Gonzalo Santonja Gómez-Agero (born 12 October 1952) is a Spanish writer, politician, professor, and literary critic who, since 2022, has served as Minister of Culture, Tourism, and Sport in the Junta of Castile and León, as an appointee of Vox.

==Biography==
Born in Béjar, Province of Salamanca, Santonja was active in the Communist Party of Spain (PCE) in his youth, for which he was arrested in the late years of Francoist Spain. He fled to France but moved back soon after, stating that he could not stand the French people. In the 1970s, he also expressed sympathy for Herri Batasuna, the political arm of ETA. He was a close friend of communist poet Rafael Alberti and an advisor to his eponymous foundation. He married Dolores Grimau, whose father Julián Grimau was executed by Franco in 1963 for running the PCE's clandestine activities in Spain.

He is a member of the Academia Argentina de Letras, the North American Academy of the Spanish Language and the Philippine Academy of the Spanish Language. He has written over 30 books of essays and five on the history of bullfighting, a practice that he supports. He has been a professor at the Complutense University of Madrid and director of the Instituto Castellano y Leonés de la Lengua.

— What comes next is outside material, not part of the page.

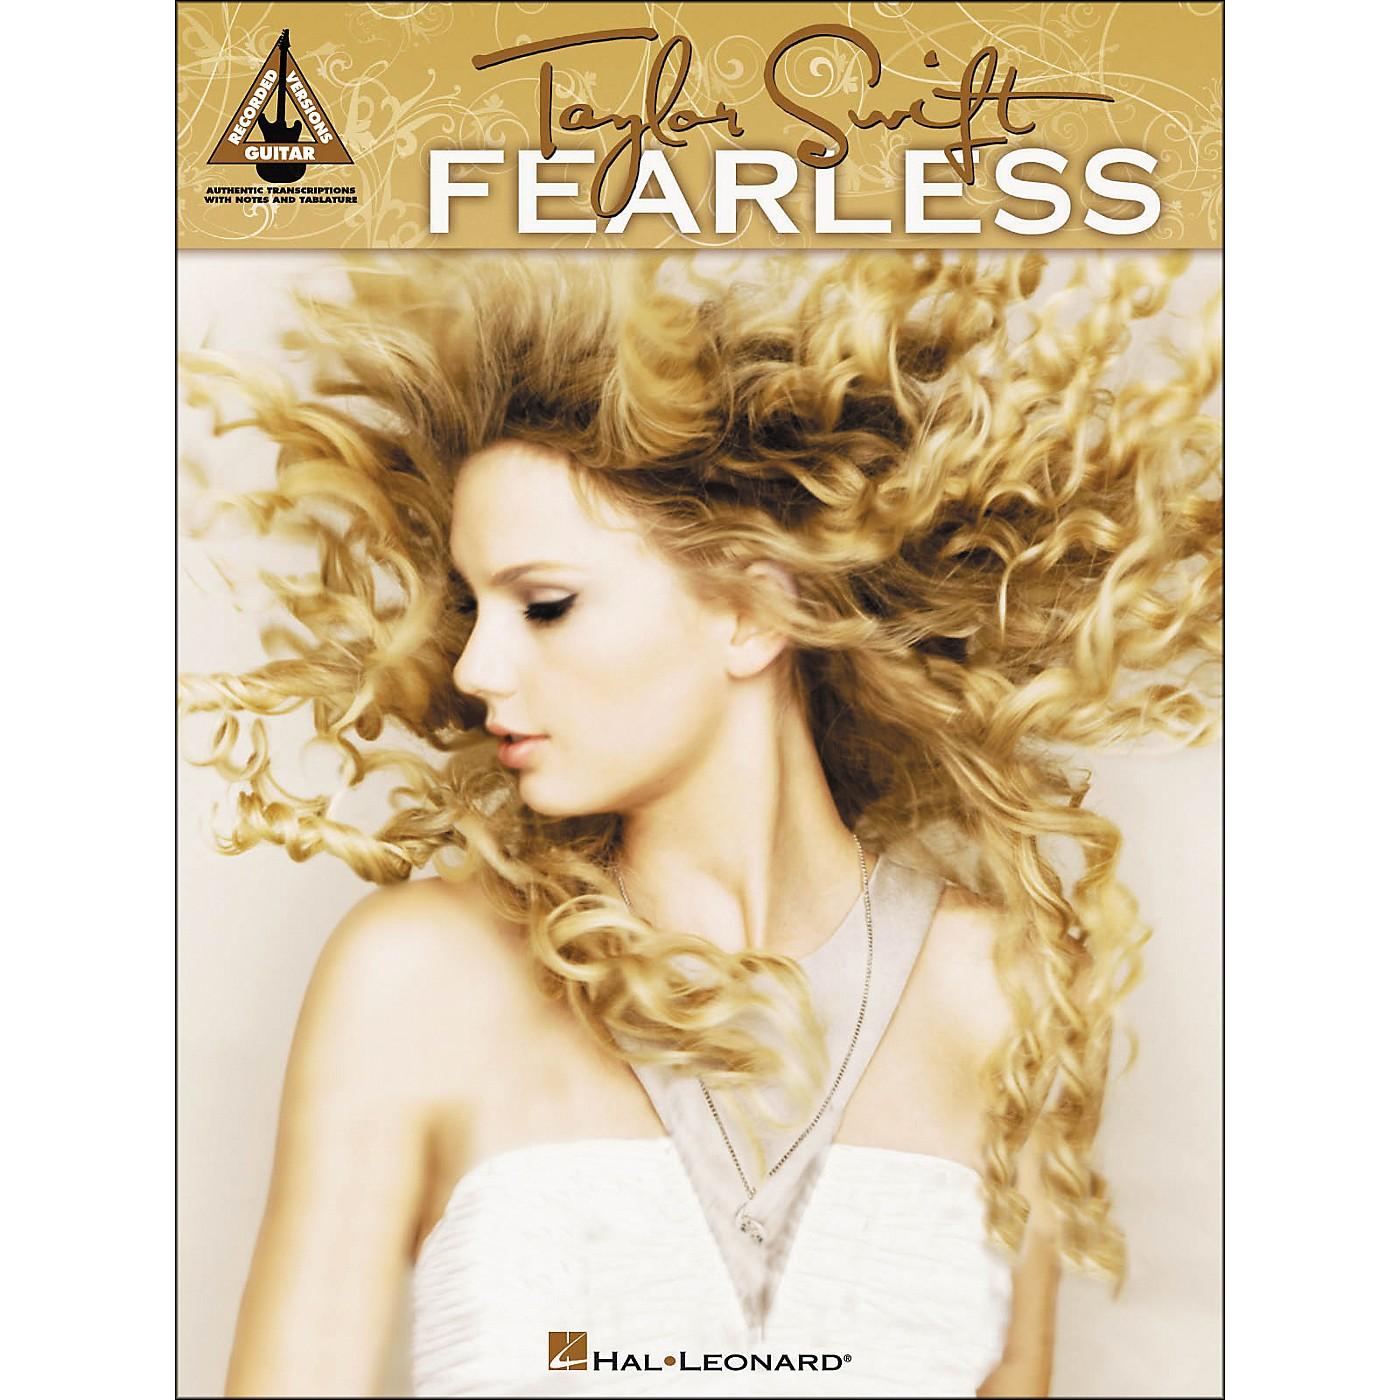 Hal Leonard Taylor Swift - Fearless Tab Book thumbnail
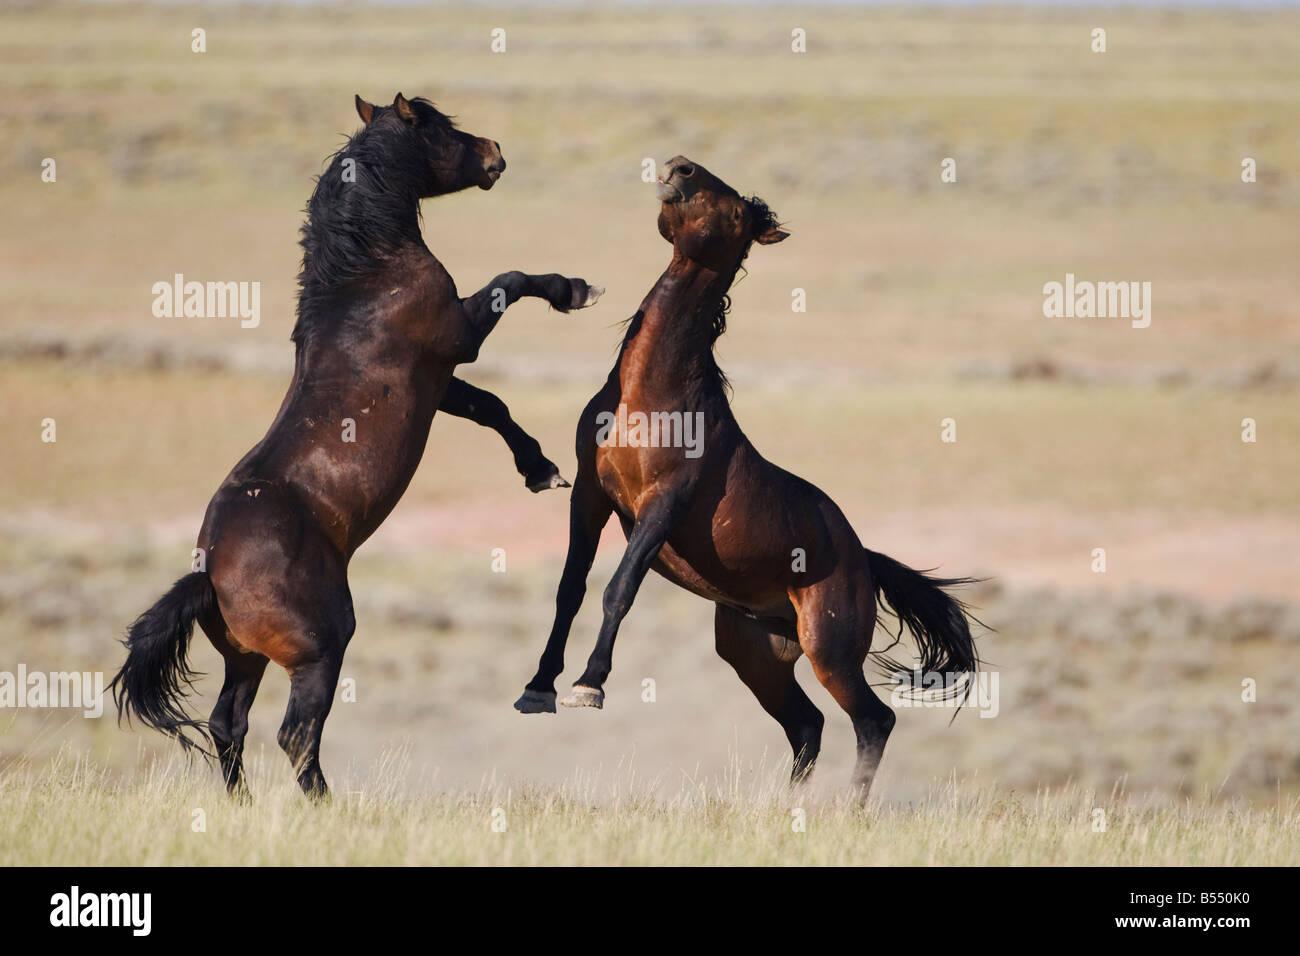 Mustang cavallo Equus caballus stalloni combattimenti Pryor Mountain Wild Horse gamma Montana USA Immagini Stock

In March 2022, he was named Minister of Culture, Tourism, and Sport in the Junta of Castile and León, by Vox, the junior partner in the People's Party-led second government of Alfonso Fernández Mañueco. In July 2024, Vox national leader Santiago Abascal severed all the party's coalitions with the PP in a dispute over housing of unaccompanied migrant minors; Santonja remained in office while three Vox ministers resigned.